_Dataset content_.
* * * * * * * * *

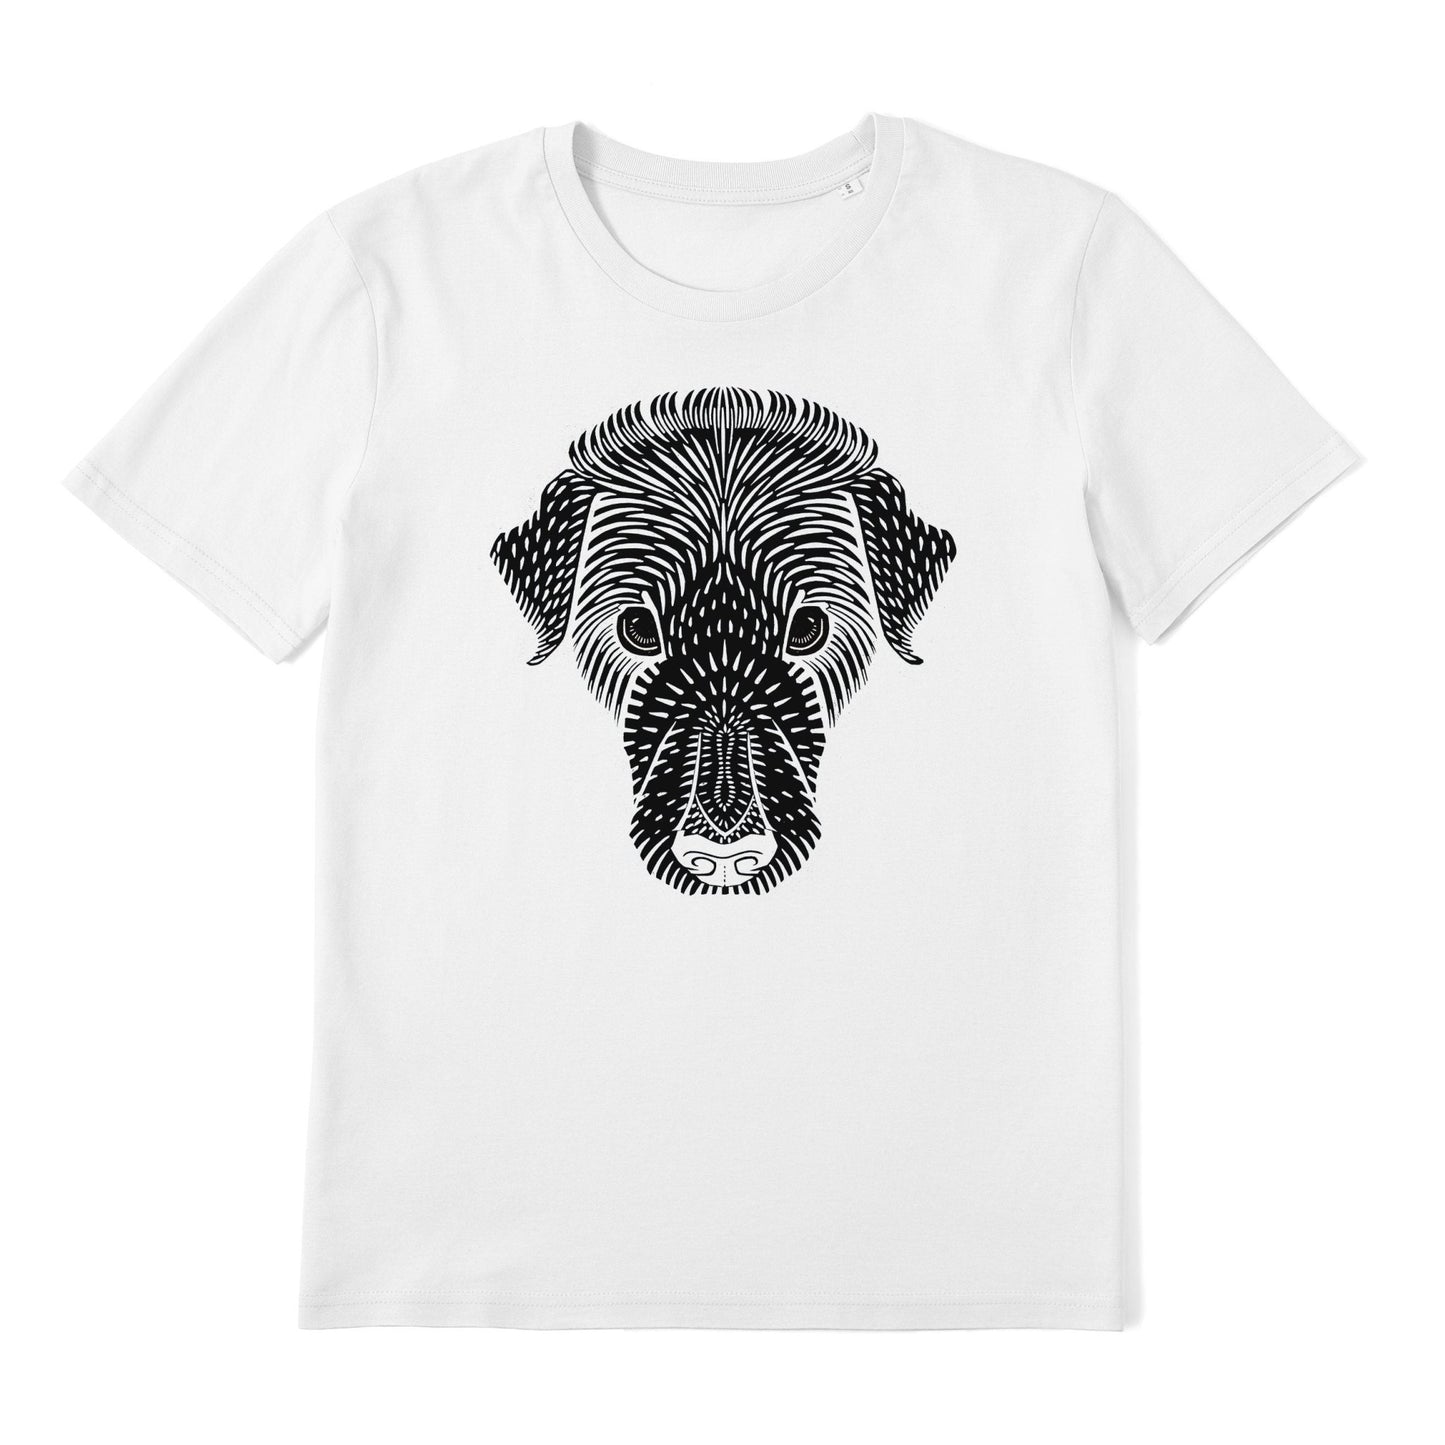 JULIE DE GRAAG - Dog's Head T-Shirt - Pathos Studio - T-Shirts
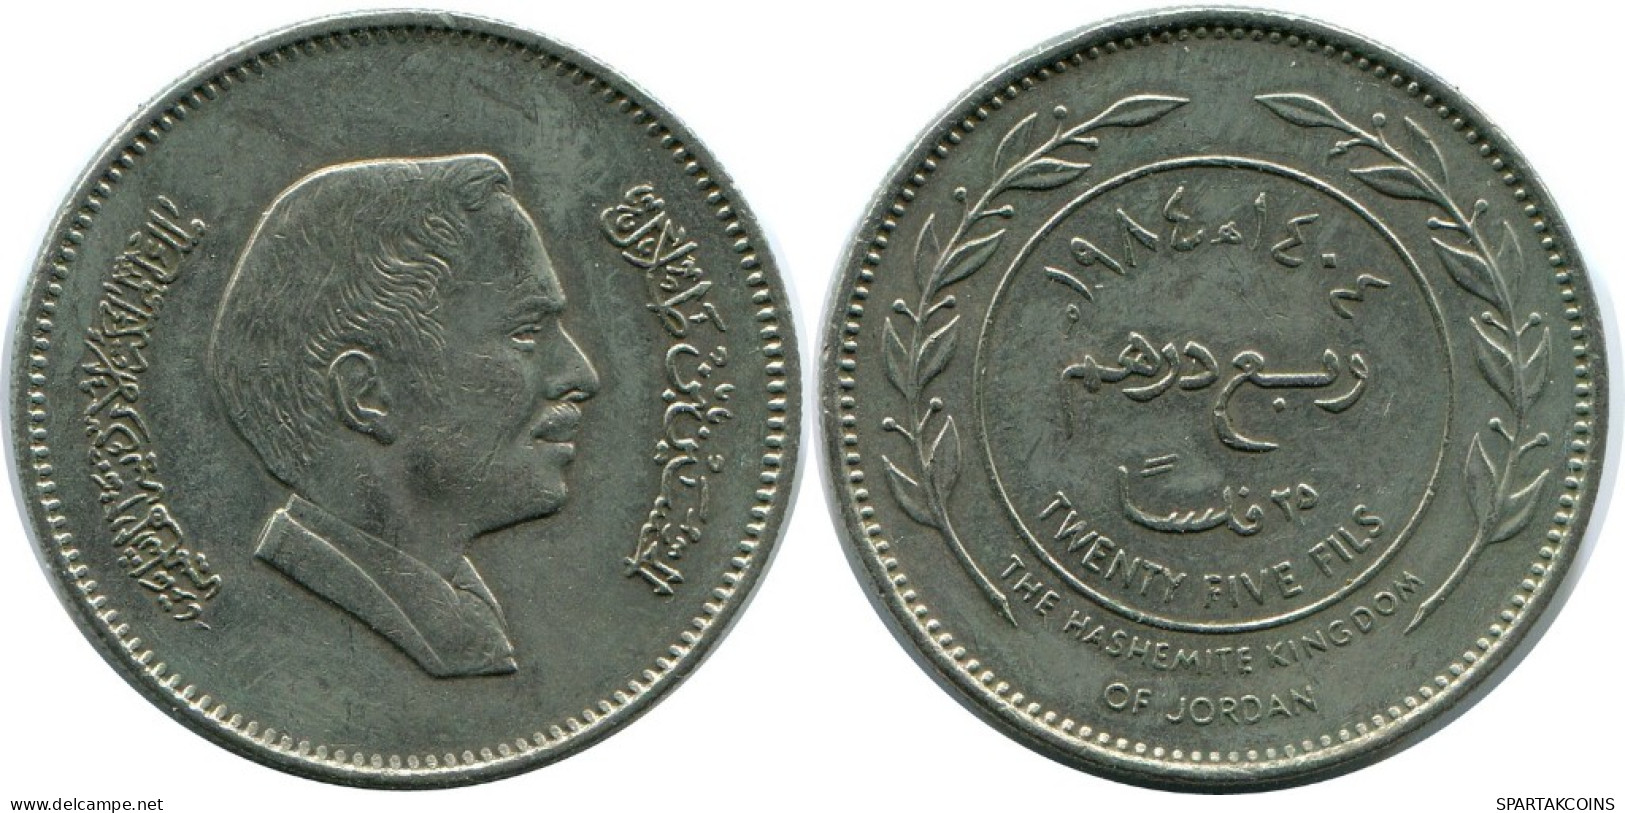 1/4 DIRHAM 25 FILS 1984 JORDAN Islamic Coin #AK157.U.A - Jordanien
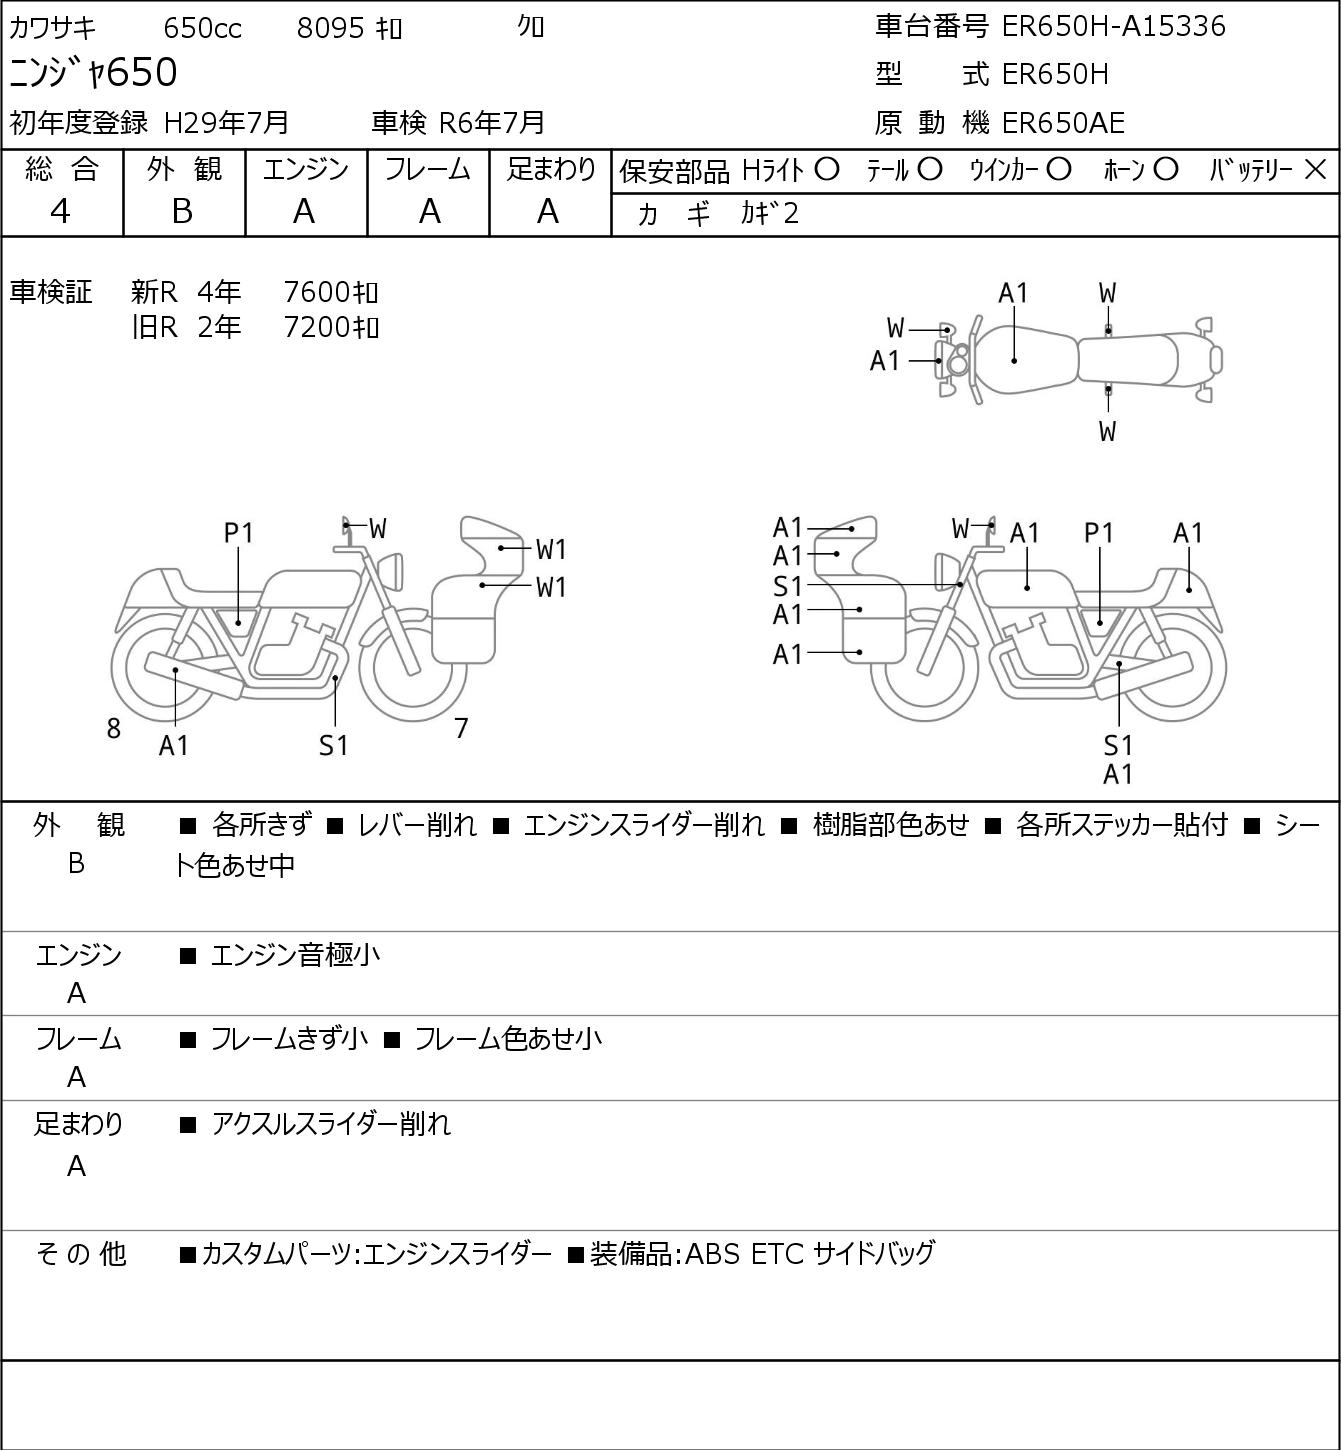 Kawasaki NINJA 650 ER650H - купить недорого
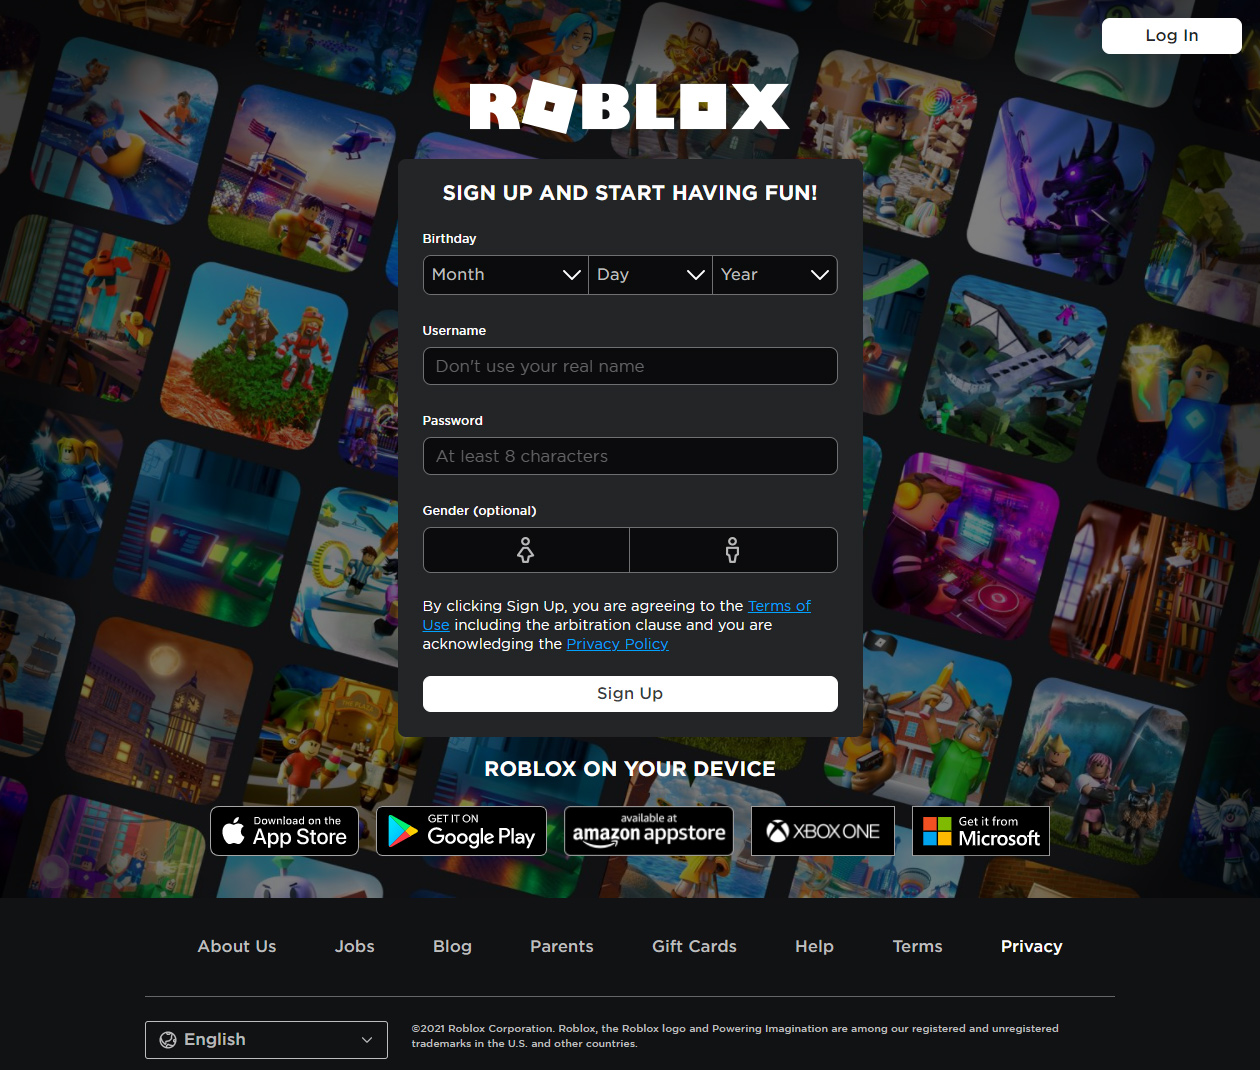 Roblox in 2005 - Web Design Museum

* * * * * * * * *

_Try it_. All lines from the one holding "1/4 DIRHAM 25" through the last line of the material above should be set down exactly, and the pictures should be left out.

_Response below_.
 1/4 DIRHAM 25 FILS 1984 JORDAN Islamic Coin #AK157.U.A - Jordanien
 Kawasaki NINJA 650 ER650H - купить недорого
 Roblox in 2005 - Web Design Museum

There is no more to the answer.